# WORK ORDER:
Using the records that follow, reproduce exactly the lines starting at the line containing "Wishing Ursula Andress" and ending at the line containing "Seen here as Honey Ryder in Dr. No (1962).". Include both end lines and no pictures.

# DATA FOR THE TASK:
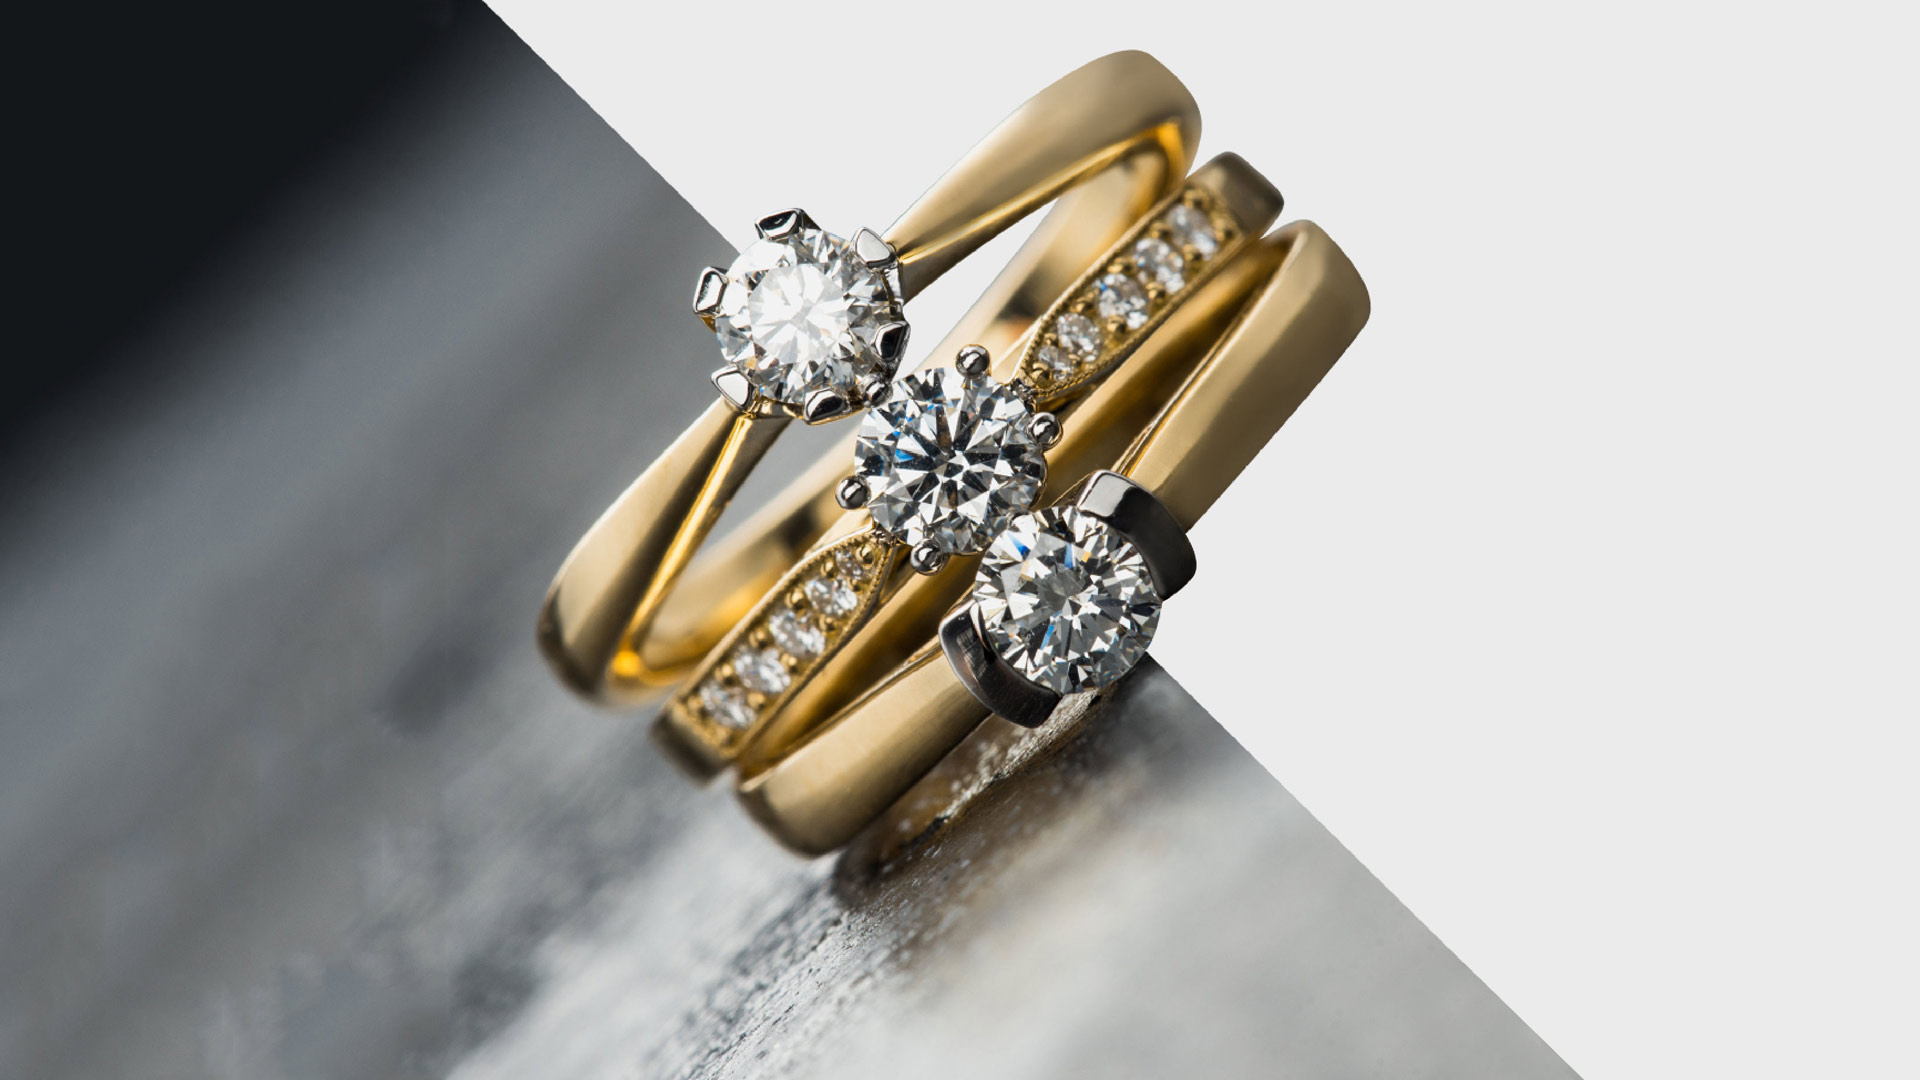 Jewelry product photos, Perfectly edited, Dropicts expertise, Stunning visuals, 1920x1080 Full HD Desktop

==

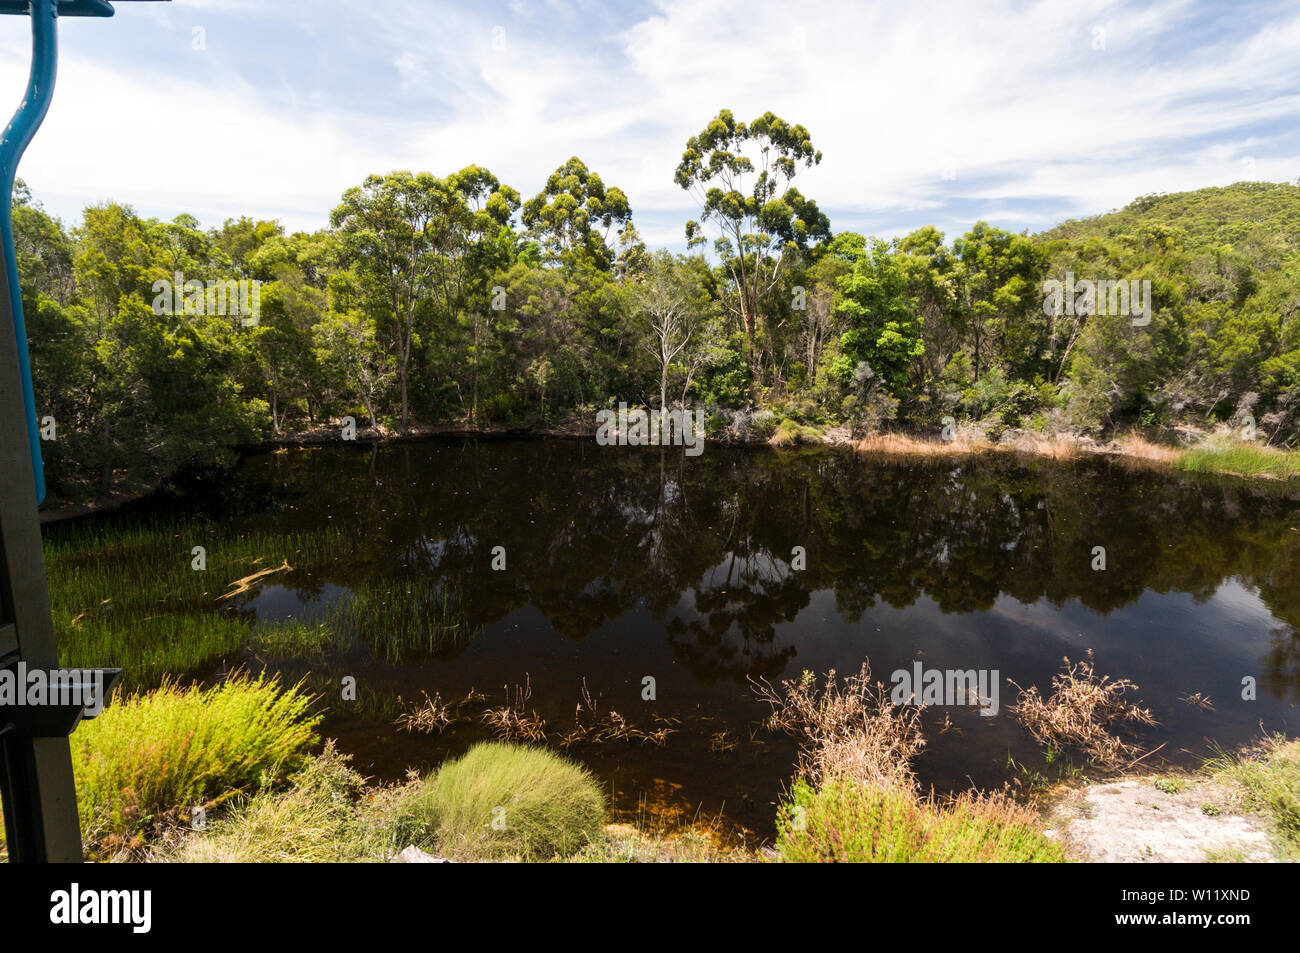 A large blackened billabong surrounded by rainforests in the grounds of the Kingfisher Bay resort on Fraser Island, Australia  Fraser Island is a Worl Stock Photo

==

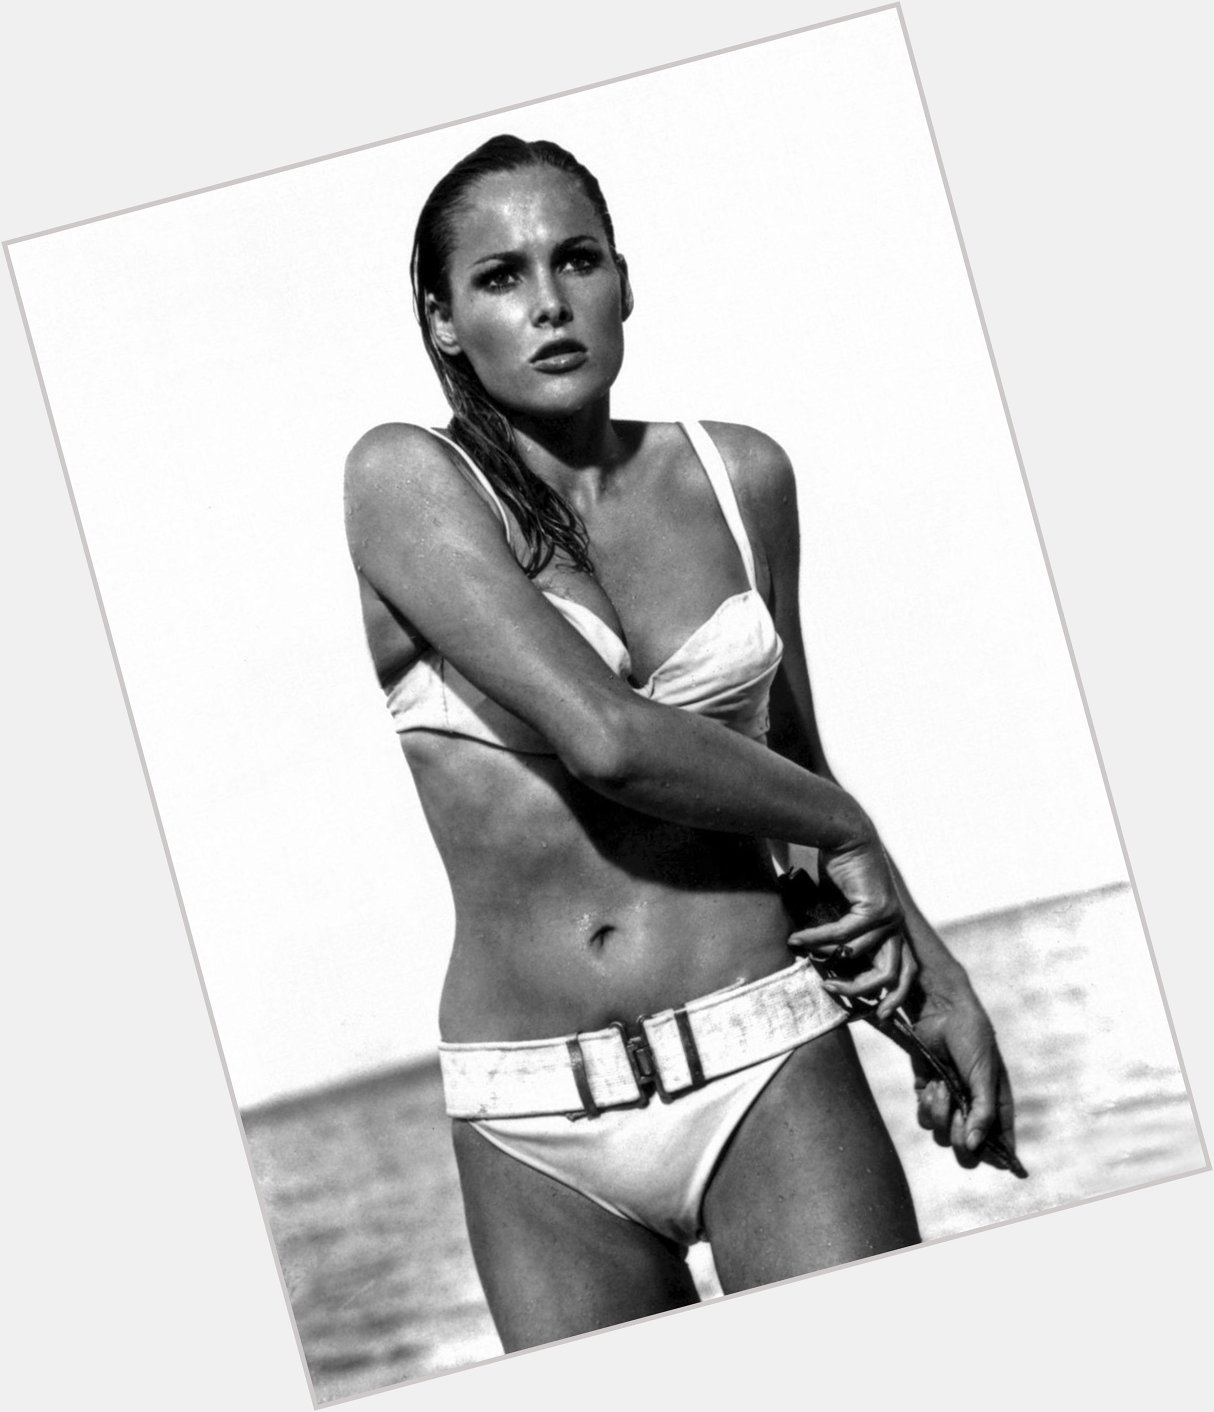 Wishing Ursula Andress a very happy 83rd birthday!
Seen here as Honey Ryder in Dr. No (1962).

# RESULT FOR THIS EXERCISE:
 Wishing Ursula Andress a very happy 83rd birthday!
Seen here as Honey Ryder in Dr. No (1962).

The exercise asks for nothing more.